Dworzec Centralny, Trakt Królewski i inne atrakcje turystyczne opanowali żebracy. Oficjalnych skarg na nich jest jednak mało.
Wakacje to czas, gdy stolicę odwiedzają tysiące turystów. Z Warszawy na pewno wywiozą specjalne wspomnienia.
– W ogródku przy Nowym Świecie nie da się spokojnie wypić kawy, bo co chwila goście są zaczepiani przez żebraków. Niektórzy grają, inni nachalnie proszą o pieniądze. Czy urzędnicy tego nie widzą? – pyta pan Mariusz, który skontaktował się z naszą redakcją.
Mateusz Dallali, rzecznik Śródmieścia, zapewnia, że urząd zna sprawę. – Jest to zjawisko trapiące nie tylko Śródmieście, lecz każde większe miasto w Polsce, które odwiedzają turyści – tłumaczy. Jego zdaniem tym problemem powinny zająć się policja i straż miejska, bo to leży w ich kompetencjach.
– Tym służbom należy zgłaszać przypadki natarczywej żebraniny, szczególnie wtedy, gdy jest ona wykonywana przez nieletnich lub w ich towarzystwie – tłumaczy Dallali. Zauważa też, że mieszkańcy interweniują w sprawie zakłócania ciszy nocnej lub problemów związanych z całodobową sprzedażą alkoholu, jednak prawie nigdy nie skarżą się na żebranie lub na ulicznych grajków.
‒ Problem ten wydaje się dotyczyć głównie przyjezdnych oraz niektórych właścicieli lokalów gastronomicznych.

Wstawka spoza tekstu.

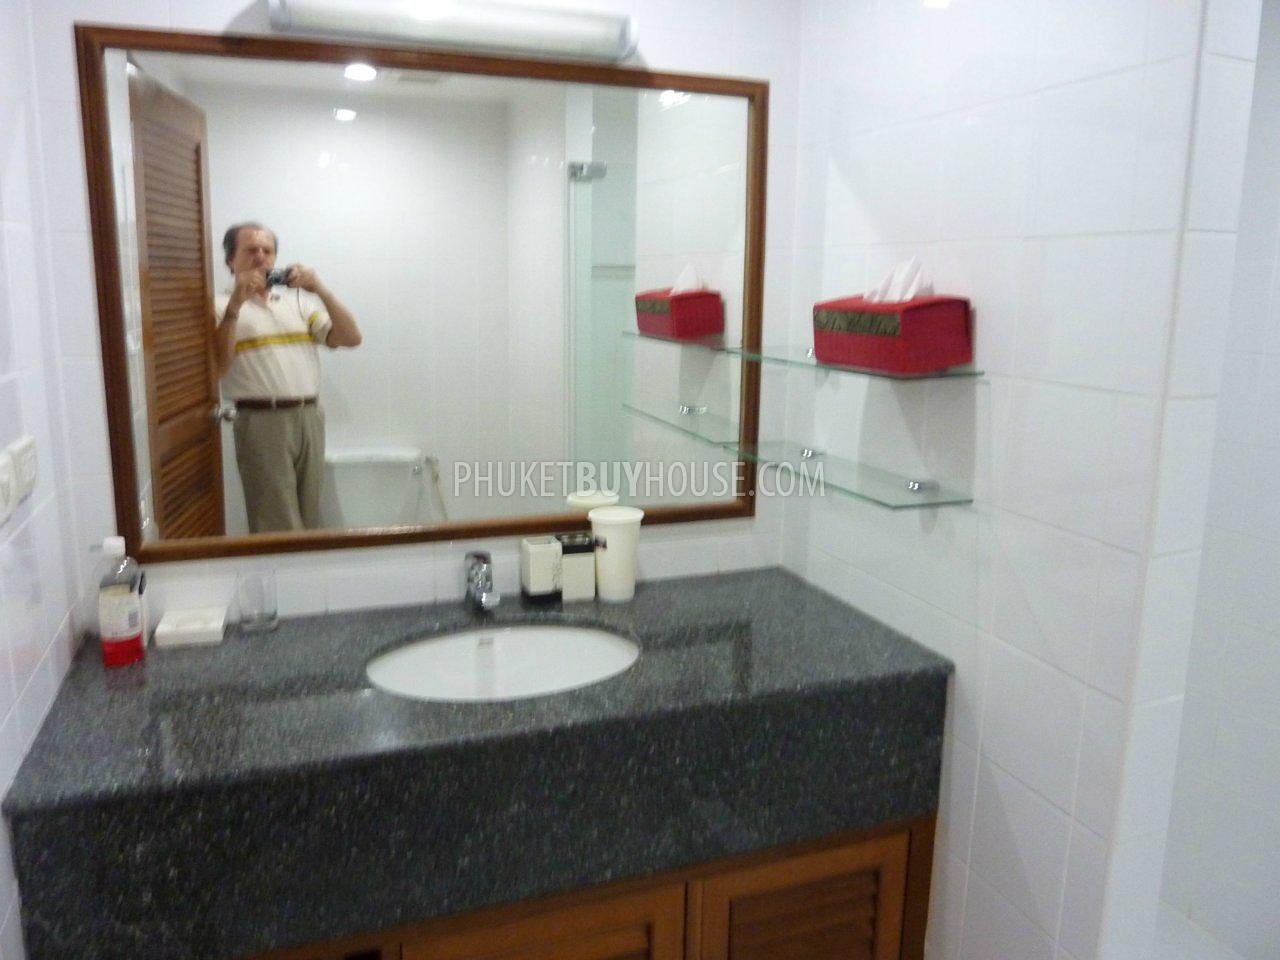 NAI2456: Freehold: Very nice 2 bedr. apartment (top floor), fully furnished, near beautiful Nai Harn Beach. Photo #17

Ci ostatni skutecznie interweniują, wypraszając każdorazowo nieproszonych gości, którzy są uciążliwi dla klientów ich lokali – tłumaczy Dallali.
Monika Niżniak, rzecznik straży miejskiej, mówi, że w tym roku do jej formacji wpłynęło pięć zgłoszeń dotyczących osób żebrzących. ‒ Podejmujemy interwencje, gdy do żebrania ktoś nakłania dzieci lub osoby bezradne albo gdy ktoś robi to w sposób natarczywy lub oszukańczy – tłumaczy rzecznik straży.
Dodaje, że mieszkańcy, którzy stwierdzą, iż osoby żebrzące naruszają prawo, mogą kontaktować się ze strażą miejską. ‒ Zdarza się, że kiedy po otrzymaniu takiego zgłoszenia pytamy świadka, czy poświadczy wszystko w postępowaniu sądowym i słyszymy odmowę – mówi.